By contrast, Sarbanes-Oxley's focus on internal controls -- the systems put in place to make sure factual financial and other important information actually reaches top management -- has led to an environment of second-guessing by auditors, where even a minor accounting error can mushroom into a wholesale investigation of a company's accounting procedures. The law put the onus on chief executives to certify they have taken all reasonable efforts to make sure that the numbers are correct and that their companies are fraud-free. The result, experts say, is a rush to get every possible error, no matter how small, identified and disclosed.

"I think what [Sarbanes-Oxley] did, it created an environment where companies aren't allowed to make honest mistakes," said Colleen Sayther Cunningham, president of Financial Executives International, a trade group of 15,000 chief financial officers and other financial executives. "You're seeing companies wounded by errors that in the past wouldn't have required a restatement but would have been fixed going forward."

Institutional investor advisory firm Glass, Lewis & Co. estimates that by the time the books are closed for 2005, more than 1,200 of the country's approximately 15,000 public companies will have announced accounting restatements -- a record. There were 619 restatements in 2004. In 2001, the year before Sarbanes Oxley passed, there were 270.

In addition, about 1,000 companies reported material weaknesses in their internal controls in their most recent quarterly filings.

Ramos and other experts predict that in a few years, the number of restatements will fall. But Harvey L. Pitt, former chairman of the SEC, said the increased scrutiny of internal controls could mean that high numbers of restatements will be a permanent fixture.

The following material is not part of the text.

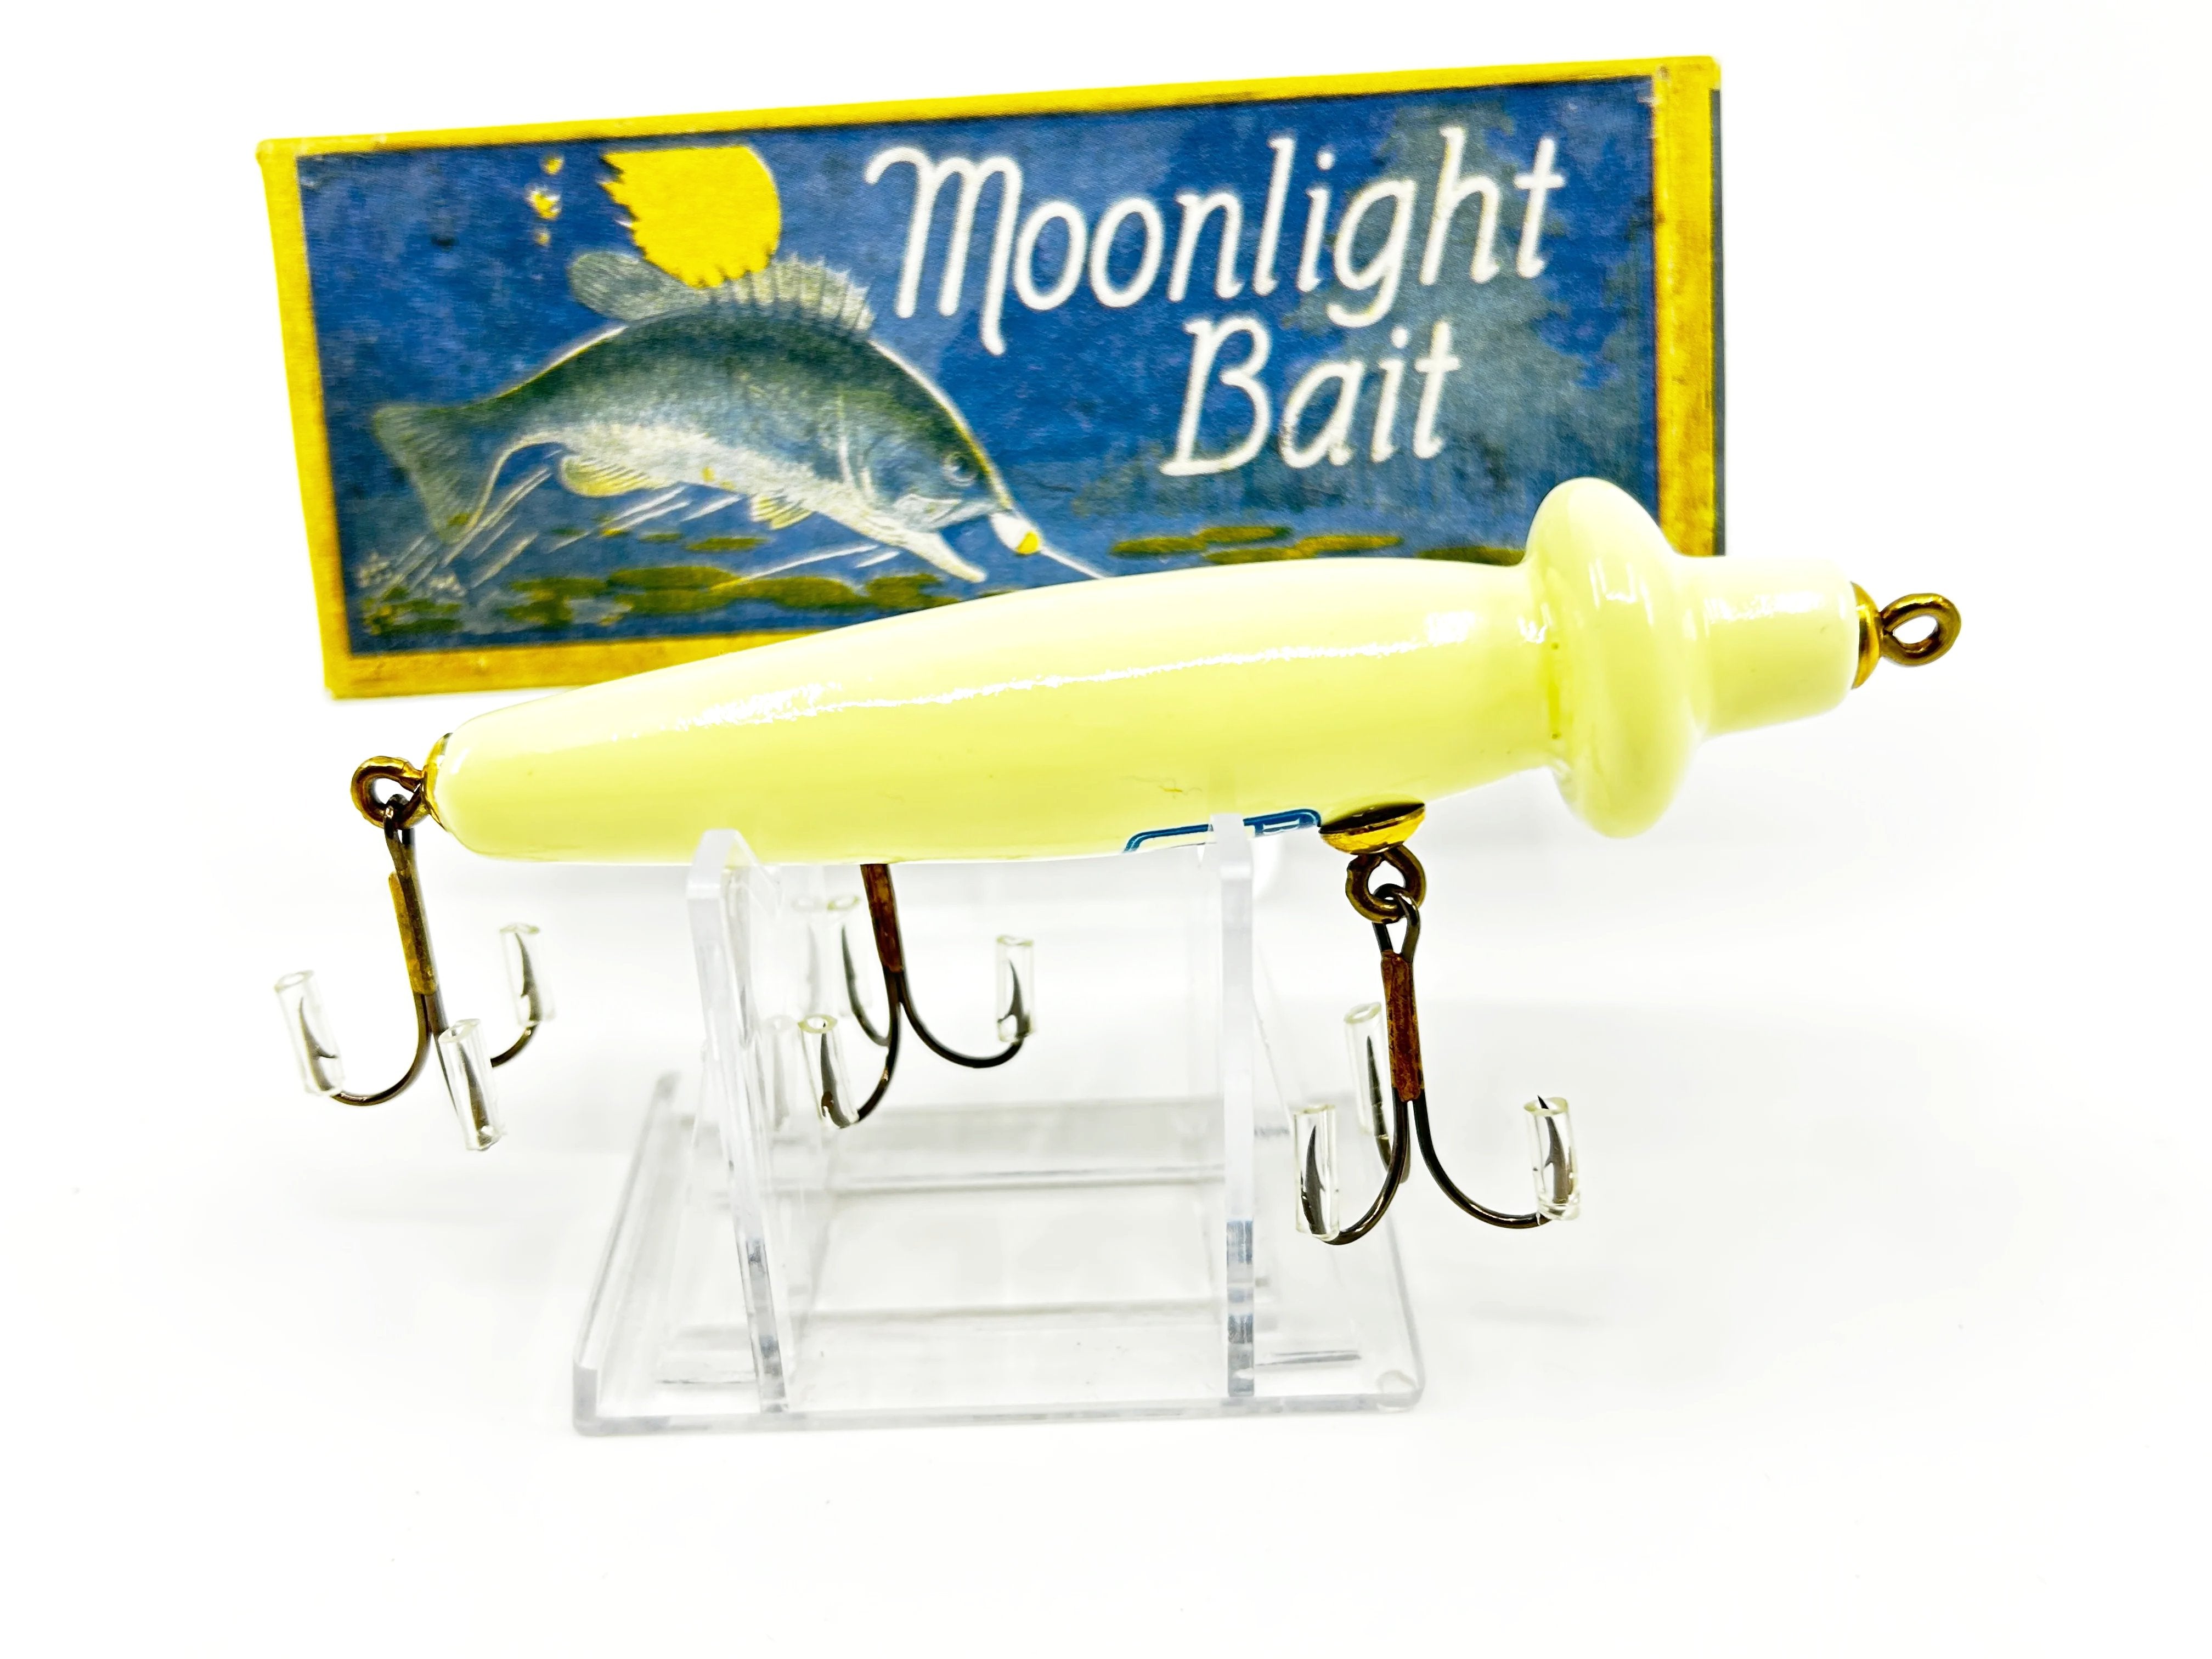 Moonlight Bait / Paw Paw No. 1 BASS Reproduction with Box – My

"I'm not sanguine that restatements will return to historic levels," Pitt said. "With companies much more focused and disciplined, there should be a lot fewer of these. But we're never going to see the elimination of restatements because that would mean we've eliminated mistakes, which of course is impossible."

While the benefits of cleaner accounting and better governance are real, so are the costs: Annapolis-based CompuDyne Corp. said recently that Sarbanes-Oxley reporting requirements had cost it $2.2 million in 2004.

Executives at the companies that recently announced restatements, including Mills, either didn't return phone calls seeking comment or would not speak on the record.

AES Corp., an Arlington owner of power plants and utilities around the world, has recently restated its results for the past three years downward by hundreds of millions of dollars, in large part because of pre-2002 errors in some of its deferred tax accounting at certain of its foreign subsidiaries. The problem came to light last year after the company identified a material weakness related to its accounting for deferred income taxes and embarked upon a global effort to perform more detailed reconciliations at its foreign subsidiaries. That effort, in turn, uncovered other unrelated accounting errors. AES said this month that its internal-control problems are being fixed and that its past results are now correct.

Allied Defense Group Inc., a Northern Virginia guns and ammunitions maker, has had problems with its foreign currency hedge accounting all year and has had to restate its results twice. Allied took the unusual move of replacing its auditor, Grant Thornton LLP, before the year closed, hiring BDO Seidman LLP in October.

Tier Technologies Inc., a Reston government contractor, also has been dealing with internal-control problems for more than a year. In December it said it would have to restate three years of results. Tier also hired a new auditor in early 2005.